8. Pagar por tirar aceite usado por el sumidero

Esta tasa sería difícil de calcular, pero no imposible. Gravaría aquellos hogares que se entretienen en echar toda clase de sustancias deletéreas por el sumidero, como aceites, disolventes, medicinas y residuos diversos, convirtiendo la tarea de limpieza de las depuradoras en una pesadilla.
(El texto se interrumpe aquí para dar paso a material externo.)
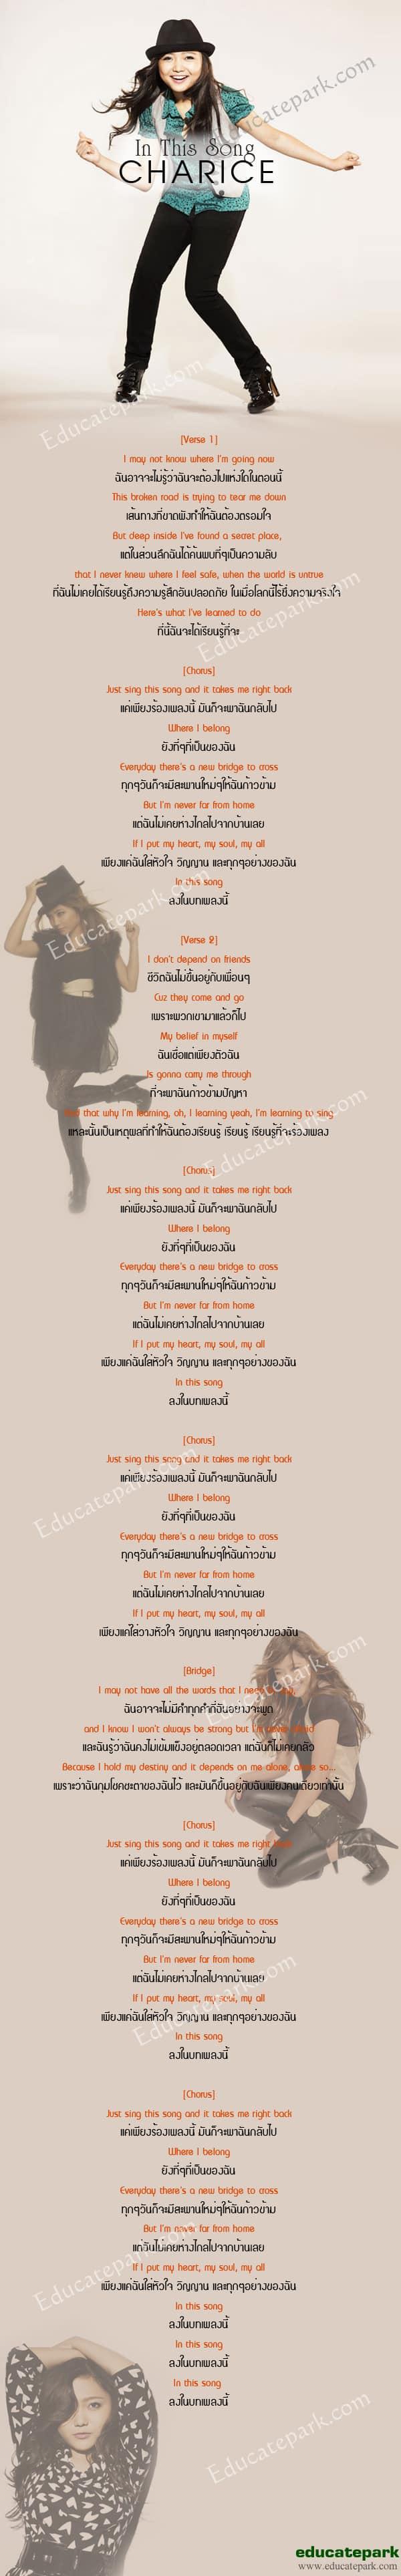 แปลเพลง In This Song - Charice
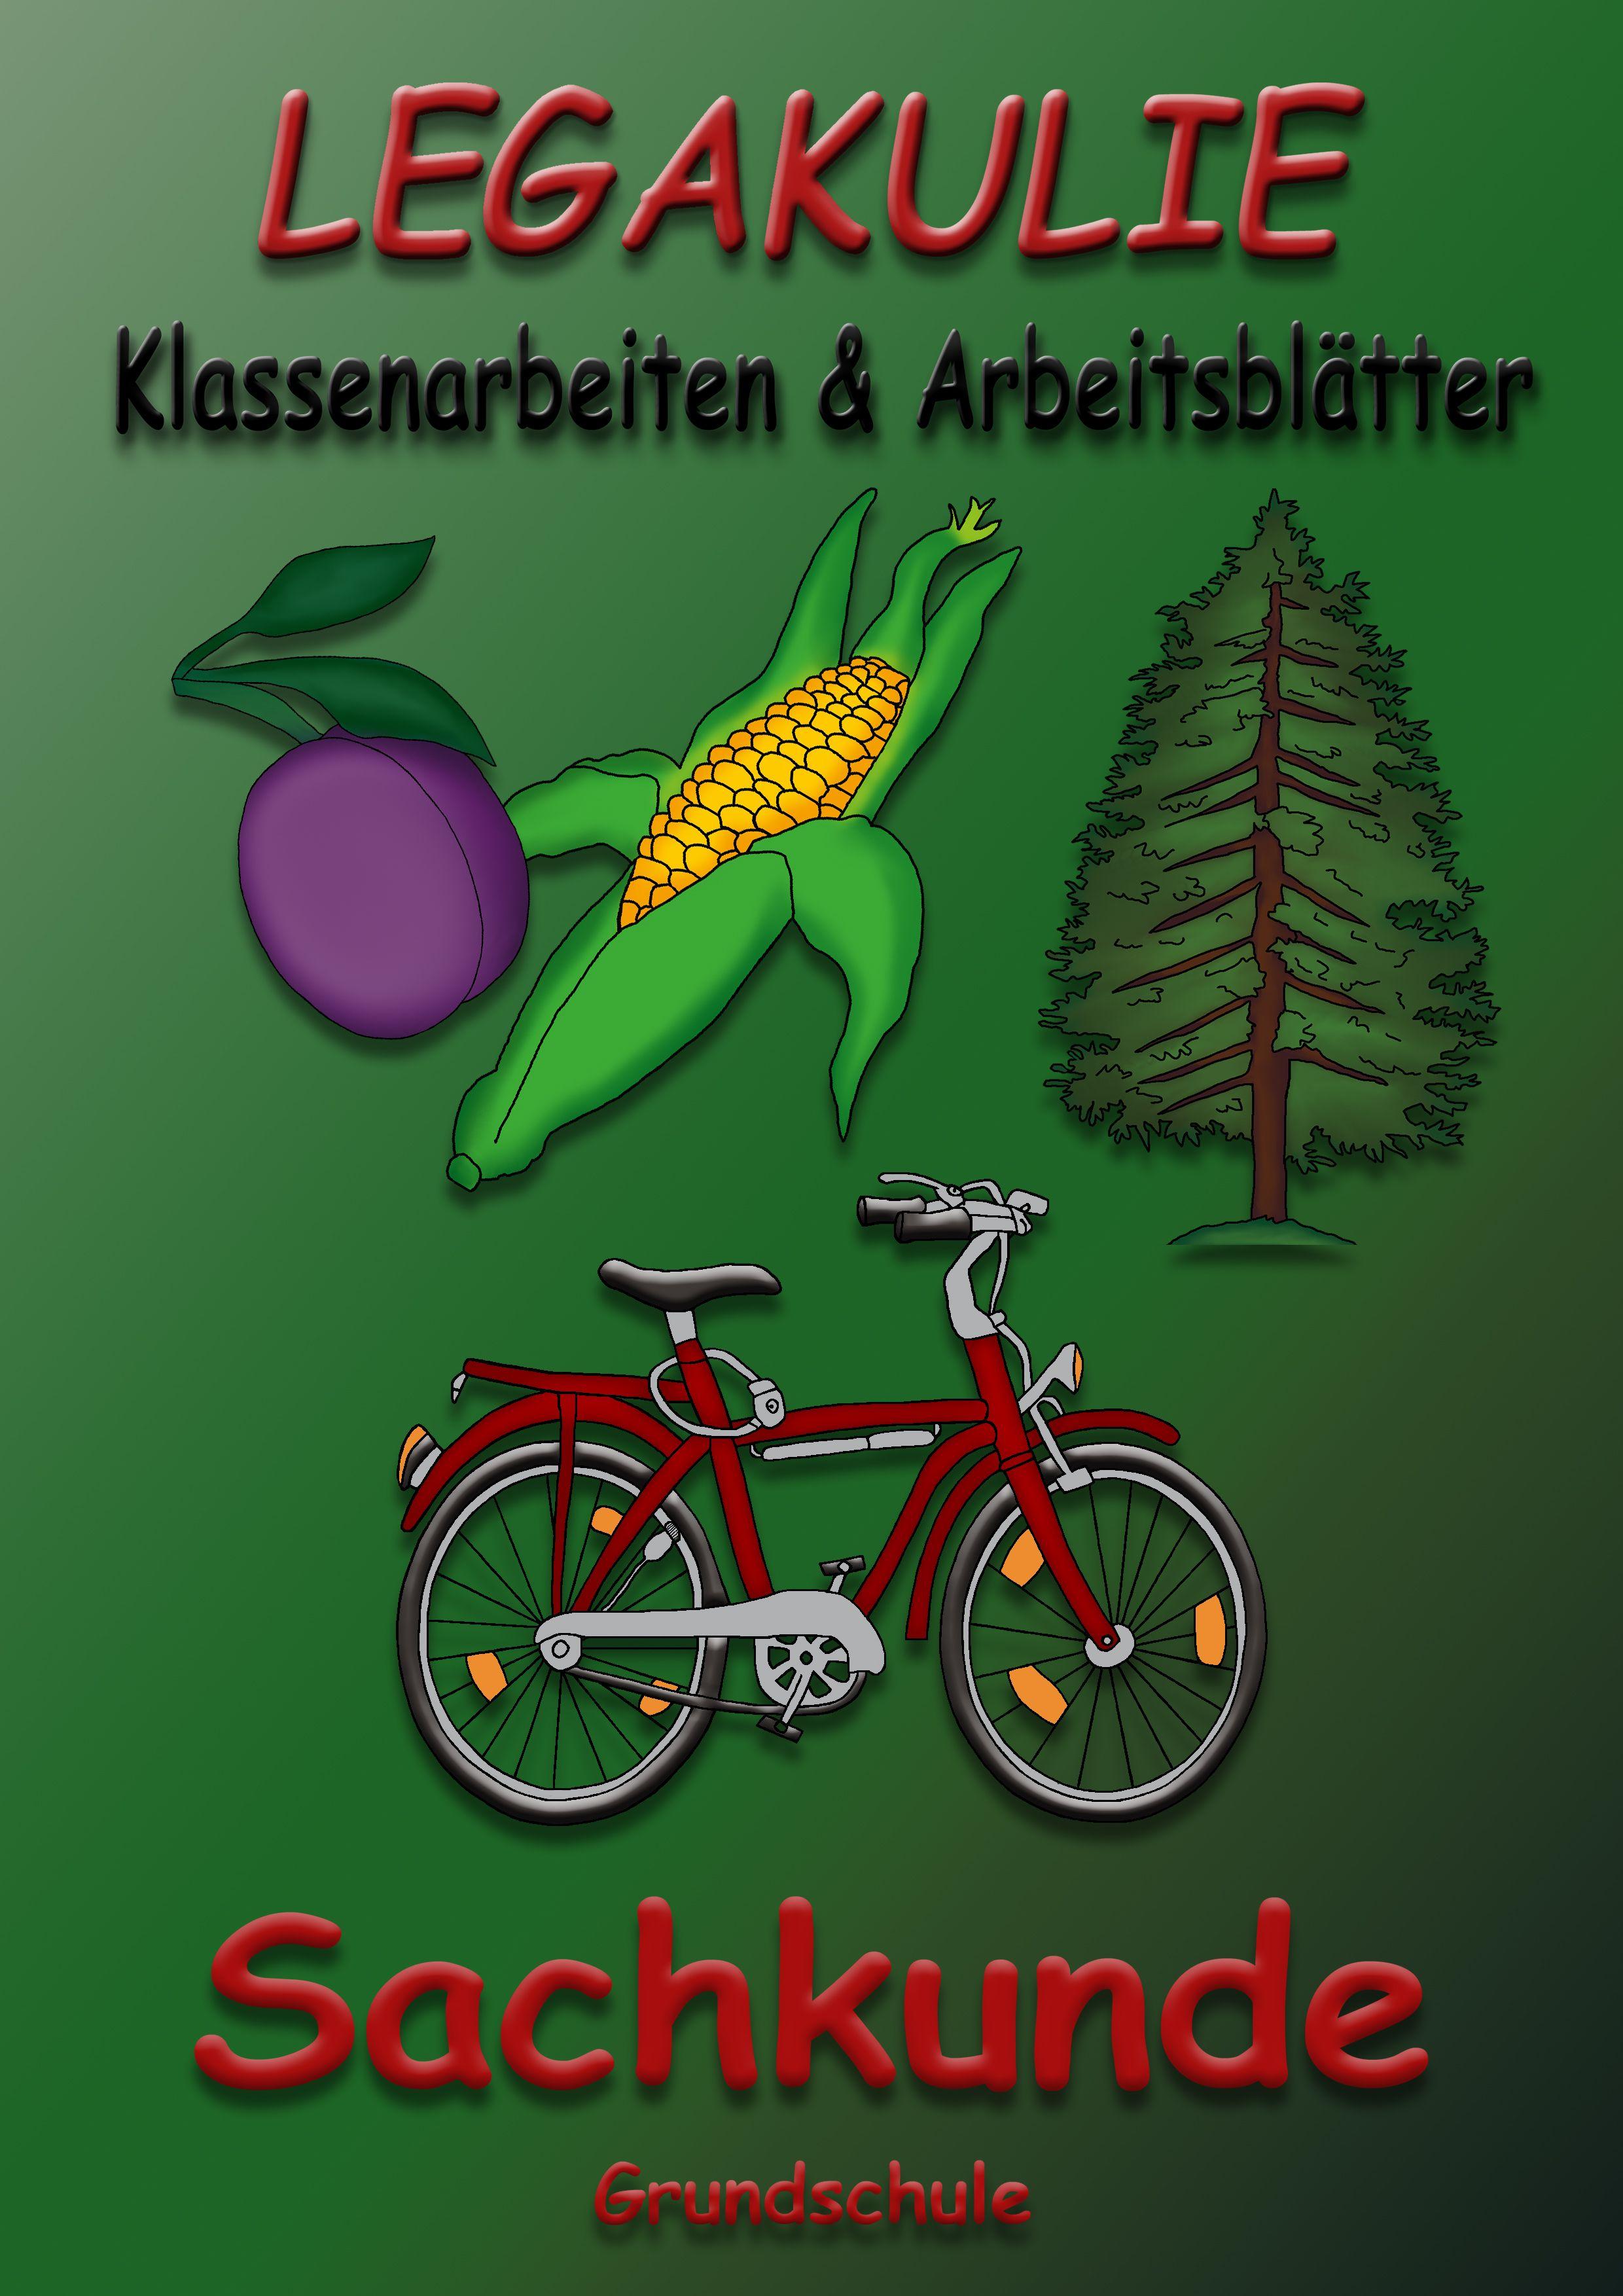 Sachkunde #Arbeitsblatt #Klassenarbeit #PDF Die Arbeitsblätter und ...

9. Pagar por poner el televisor a todo trapo

¿Quién no querría ver al molesto vecino del 2º izda pagar una abultada suma en concepto de impuesto volumétrico de ruido? Si pagamos por ocupar o ensuciar el espacio común, se debería pensar en un impuesto al estruendo. Claro que, teniendo en cuenta que el 80% del ruido urbano procede del tráfico, ¿quién lo pagaría?

10. Pagar por la energía del sol

Dejamos para el final el impuesto más extraño de todos y este, por desgracia, es muy real. Si los nueve anteriores tienen un objetivo más o menos ecológico y sostenible, éste, el famoso “impuesto al sol” tiene el objetivo contrario: aniquilar el autoconsumo de energía solar fotovoltaica. En los años que lleva en vigor, primero como amenaza y luego como decreto, ha conseguido ahogar en la cuna el prometedor despegue de la producción autónoma y descentralizada de energía limpia. Ya veis si son importantes los impuestos.